Mein hibernate.cfg.xml:
[XML]<?xml version="1.0" encoding="UTF-8"?>
<!DOCTYPE hibernate-configuration PUBLIC
		"-//Hibernate/Hibernate Configuration DTD 3.0//EN"
		"http://hibernate.sourceforge.net/hibernate-configuration-3.0.dtd">
<hibernate-configuration>
    <session-factory>
        <property name="connection.driver_class">com.mysql.jdbc.Driver</property>
        <property name="connection.username">username</property>
        <property name="connection.password">password</property>
        <property name="connection.url">jdbc:mysql://wp231.webpack.hosteurope.de:3306/db10550069-testing</property>
        <property name="dialect">org.hibernate.dialect.MySQLDialect</property>
        <property name="hibernate.show_sql">true</property>
    </session-factory>
</hibernate-configuration>[/XML]

Die verwendete Datenbank (MySQL5) hat 2 Tabellen (Features, Programs). Leider wird hier nur ein kleiner Teil der SQL-Abfrage ausgegeben - ansonsten würde ich vl auch selbst auf den Fehler kommen. Außerdem weiß ich nicht was was mit diesem SQL abgefragt werden soll.

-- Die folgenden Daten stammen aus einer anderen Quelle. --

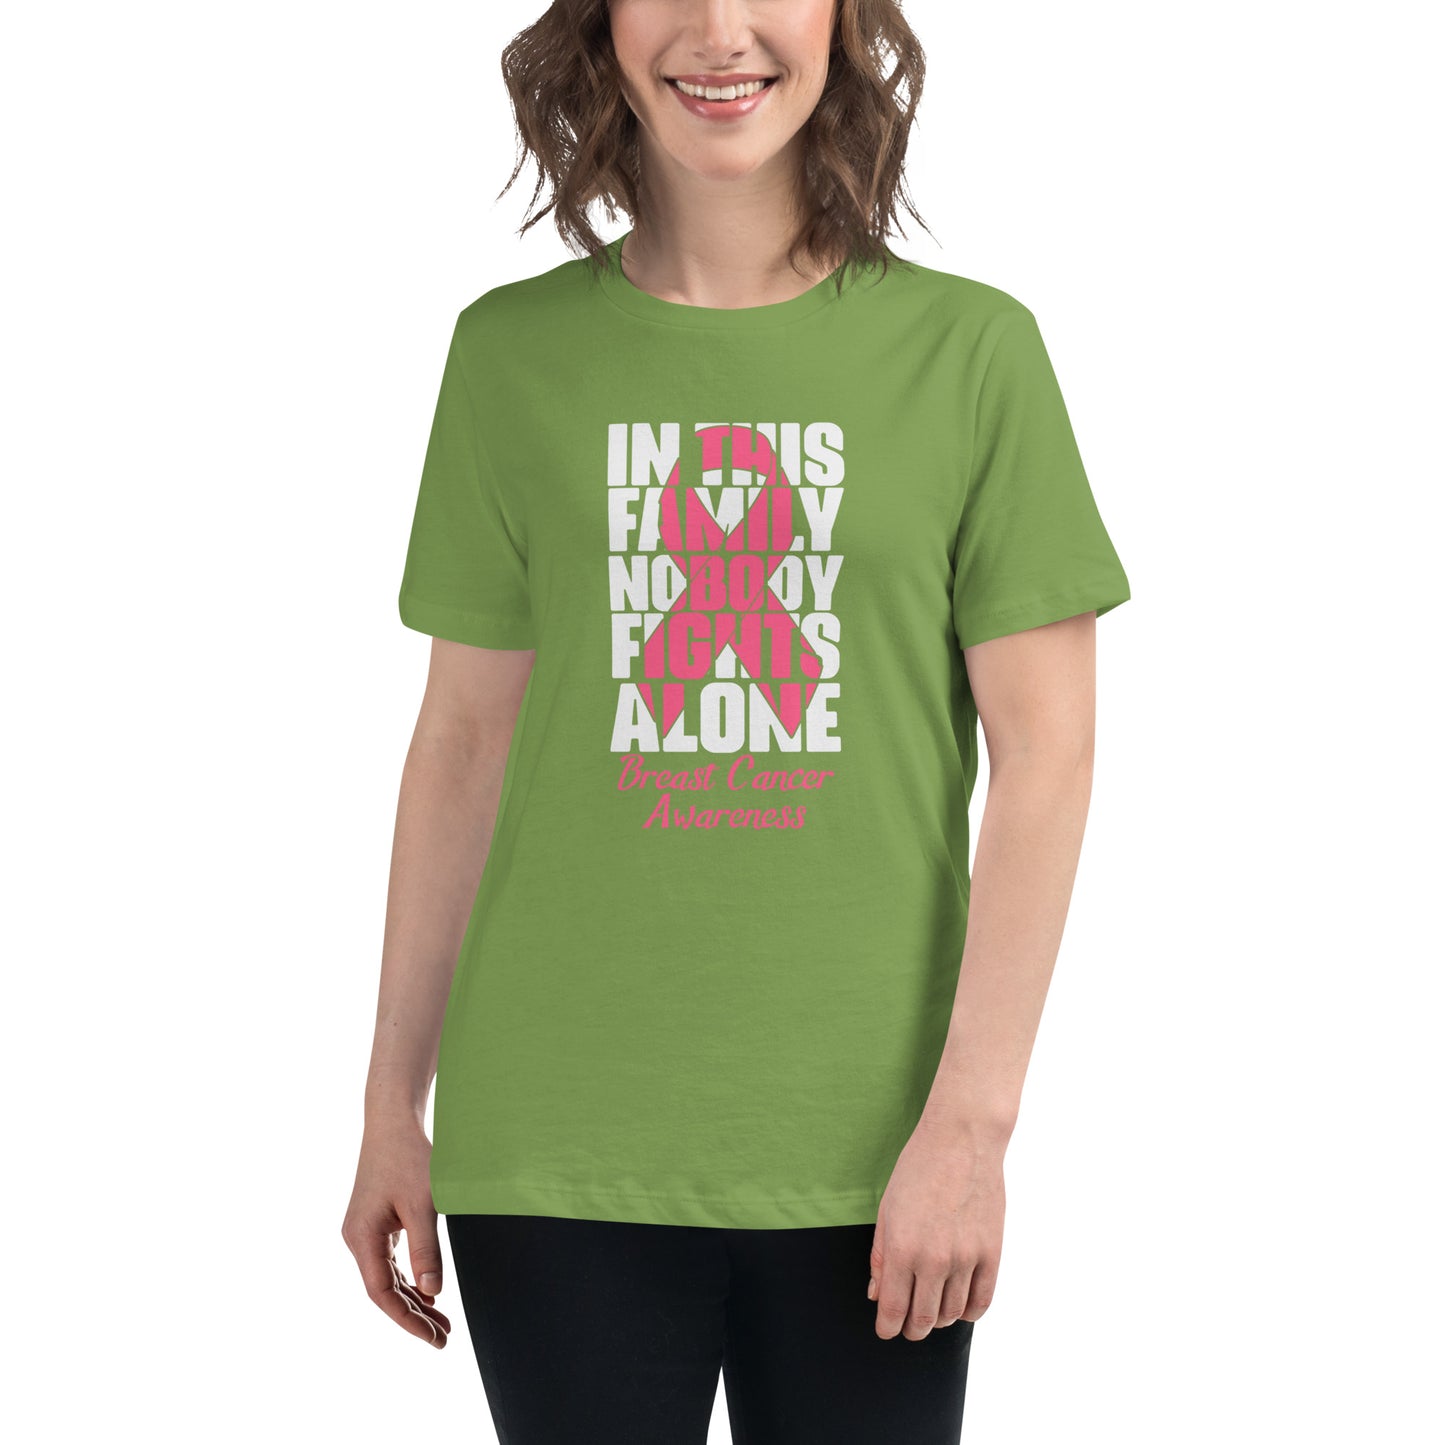 In This Family Nobody Fights Alone Women's Relaxed T-Shirt

Nach dieser Anleitung bin ich vorgegangen Hibernate Tools

Also mein Frage nun
1) Weiß wer was Hibernate hier machen will bzw. warum es nicht funktioniert?
2) Gibt es eine Möglichkeit die SQL Befehle vollständig ausgeben zu lassen?


----------



## maki (19. Jun 2011)

Hast du etwa einen Bindestrich in einem Entitynamen bzw Property?


----------



## Pippl (19. Jun 2011)

Den Bindestrich gibt es im Datenbanknamen. Diesen kann ich aber nicht entfernen da dieser von Hoster (HostEurope) vorgegeben ist. Ansonsten existiert noch kein Java-Code, nur die Konfiguration von Hibernate.

EDIT: Der Bindestrich funktioniert mit diesem Treiber aber ohne Probleme (in anderen Projekten verwendet).


----------